さばの頭を活用した旨味の相乗効果と絶妙な火加減
じゃがいもが柔らかくなったタイミングで加える、さばの身とさばの頭がこの料理の味わいの決め手となります。頭を加えることで、魚特有の深い旨味がスープ全体に行き渡り、豊かなコクがプラスされます。さばを加えた後は手早く煮くずれないように火を通し、仕上げに生クリームを加えてサッと煮て火から下ろします。
加熱しすぎないことでさばの身がパサつかず、ふっくらとした食感を保ったまま、なめらかでコクのあるクリーム煮に仕上げることができます。
最高のペアリング:料理を引き立てる飲み物
さばのクリーム煮のクリーミーでコクのある味わいには、すっきりとした酸味を持つ辛口の白ワインが絶妙にマッチします。例えば、フランス産のシャブリやソーヴィニヨン・ブランなどを合わせると、生クリームやバターの濃厚な口当たりをワインの爽やかな酸が心地よく洗い流してくれます。

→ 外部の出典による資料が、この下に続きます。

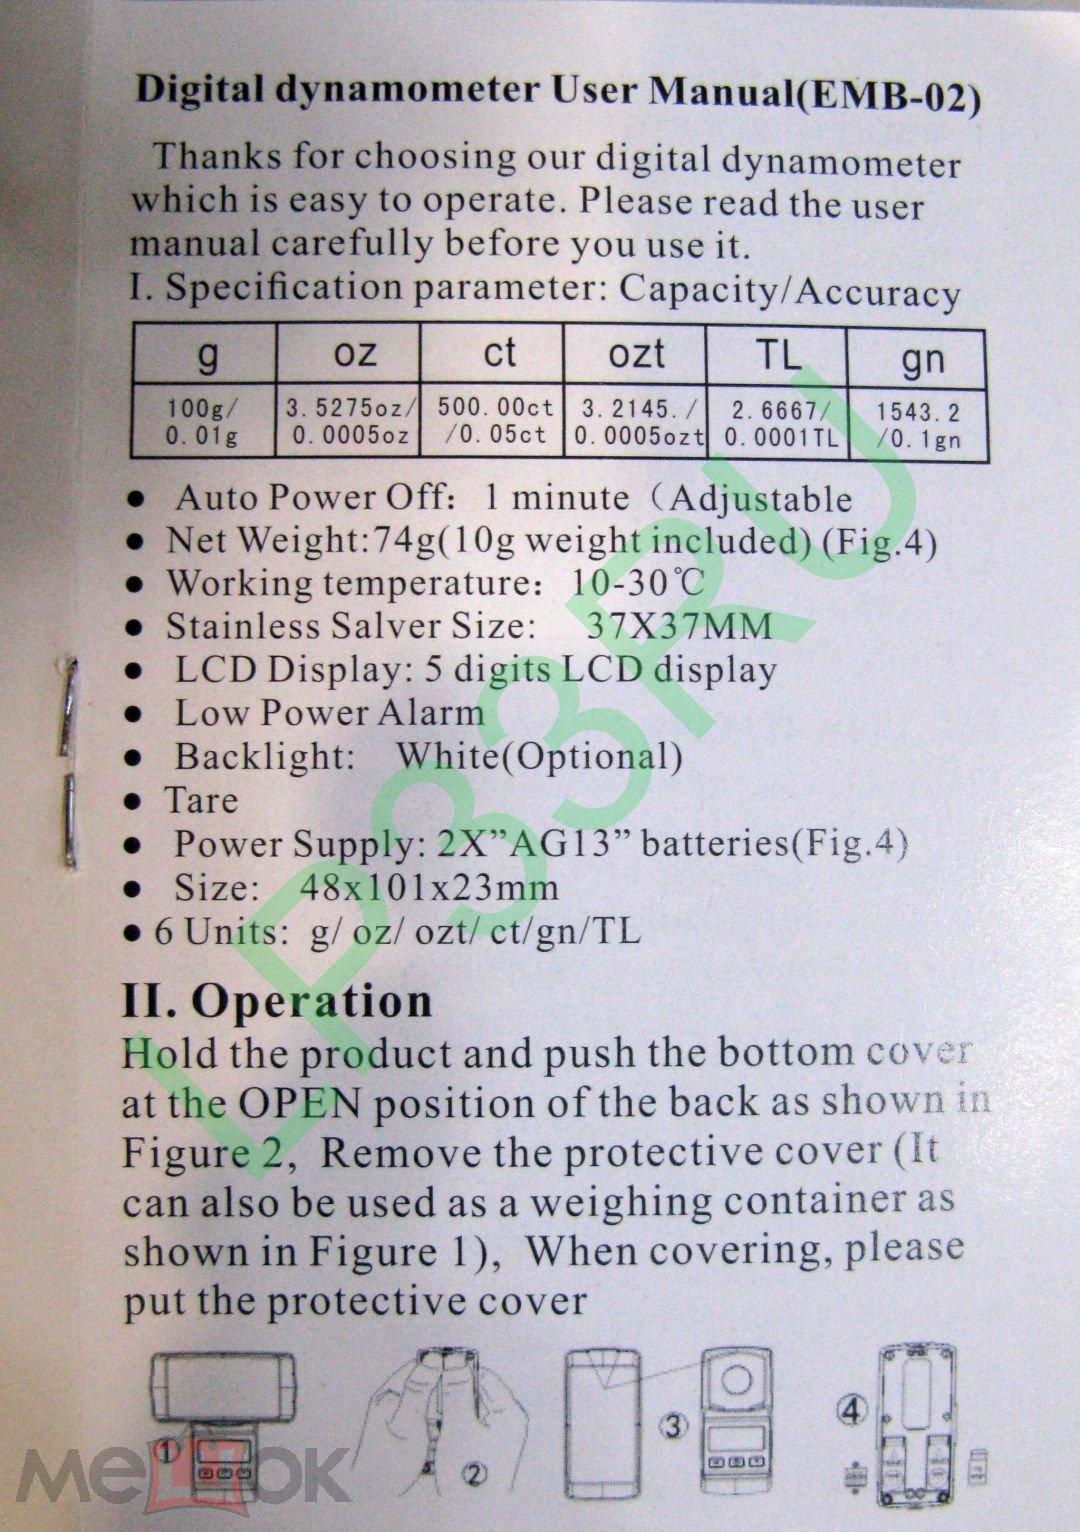 Весы универсальные (0,01гр. - 100гр.) для настройки параметров винилового проигрывателя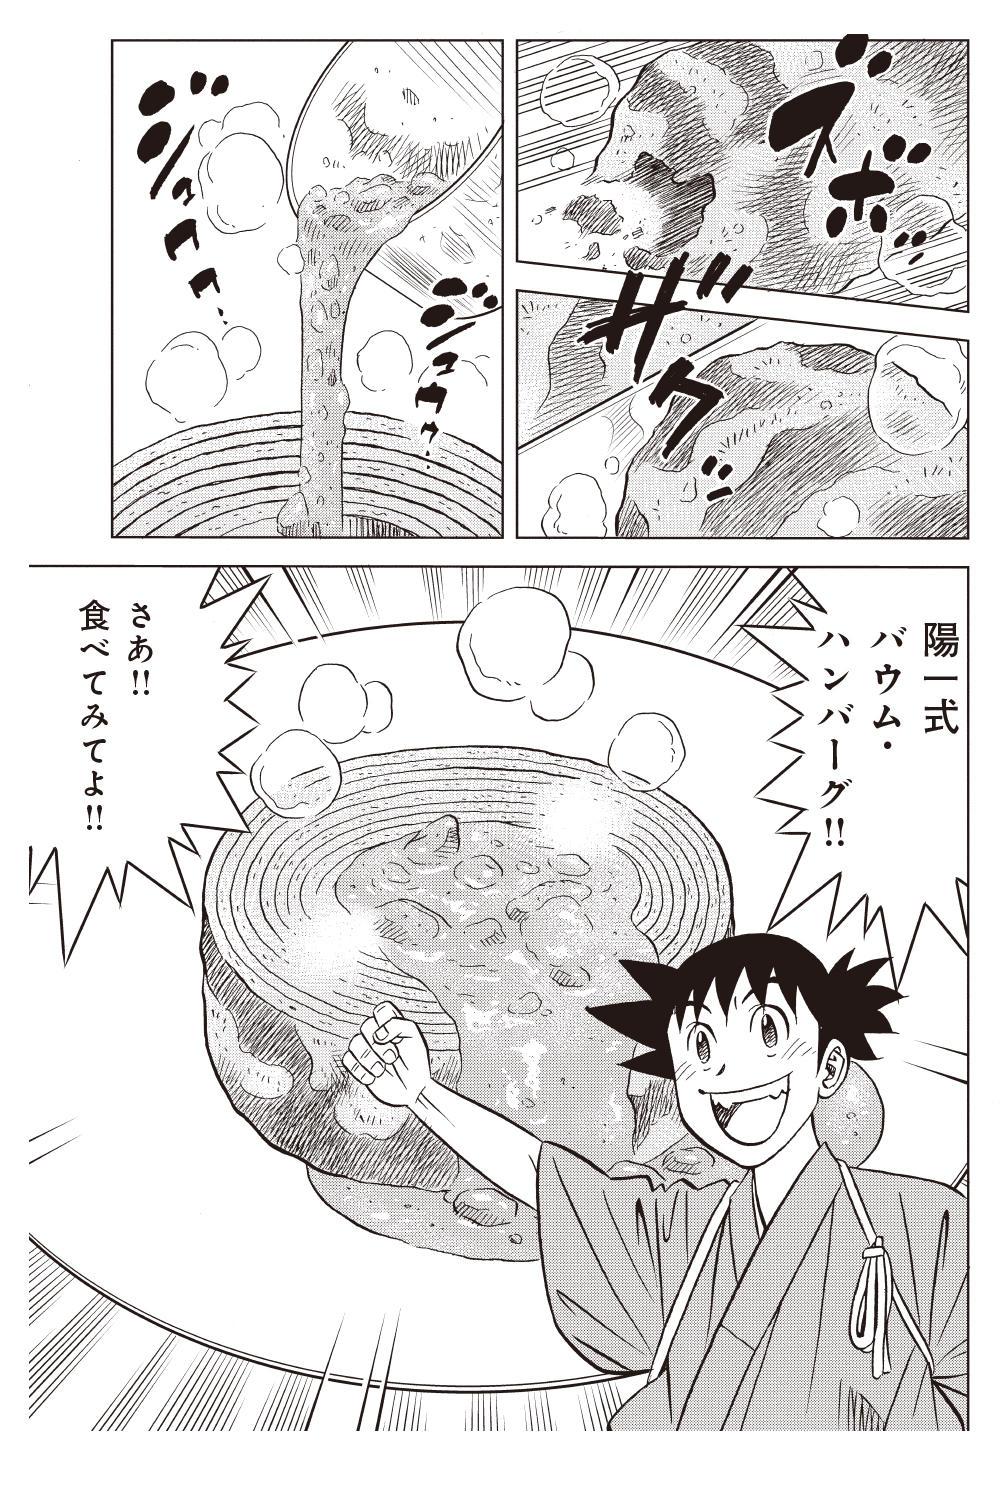 ミスター味っ子 幕末編 第3話「黄金大陸」②ajikko02-101.jpg

また、同じフランス産のシャルドネ種であれば、樽熟成によるまろやかさが料理のバター風味と美しく調和し、お互いの旨味を引き立て合います。冷やした白ワインと共に楽しむことで、家庭の食卓がまるでビストロのような贅沢な空間に変わります。
保存テクニックと温め直し方
作り置きや保存をする際は、粗熱をしっかりと取ってから清潔な密閉保存容器に移し、冷蔵庫で保管してください。保存期間の目安は2〜3日以内となります。生クリームやバターを使用しているため、風味や品質の劣化を防ぐためにも早めにお召し上がりください。
温め直す際は、鍋に移して弱火で優しく加熱し、分離しないように注意しながら温めてください。
このレシピのまとめと栄養のポイント
谷昇さんのレシピによる「さばのクリーム煮」は、青魚の美味しさをフレンチの技術で最大限に引き出した極上の煮込み料理です。さばのヒレをV字の切り込みで丁寧に取り除き、たっぷりの塩をふって1時間冷蔵庫におくことで臭みを完全に抜き去ります。
約1cm幅のくし形に切ったたまねぎをバターと少量の水で色づかないよう弱火でじっくり煮詰め、小麦粉を加えて炒めたら、5mm厚さのじゃがいもと水、塩、白ワインを加えて煮込みます。
じゃがいもが柔らかくなったところで、さばの身とさばの頭を投入して煮くずれないように手早く火を通し、仕上げに生クリームを加えてサッと煮上げることで、まろやかでコク深いソースが完成します。黒こしょうとイタリアンパセリの香りが全体を引き締め、最後まで飽きのこない味わいです。
ぜひご家庭で挑戦して、その豊かな美味しさをご堪能ください。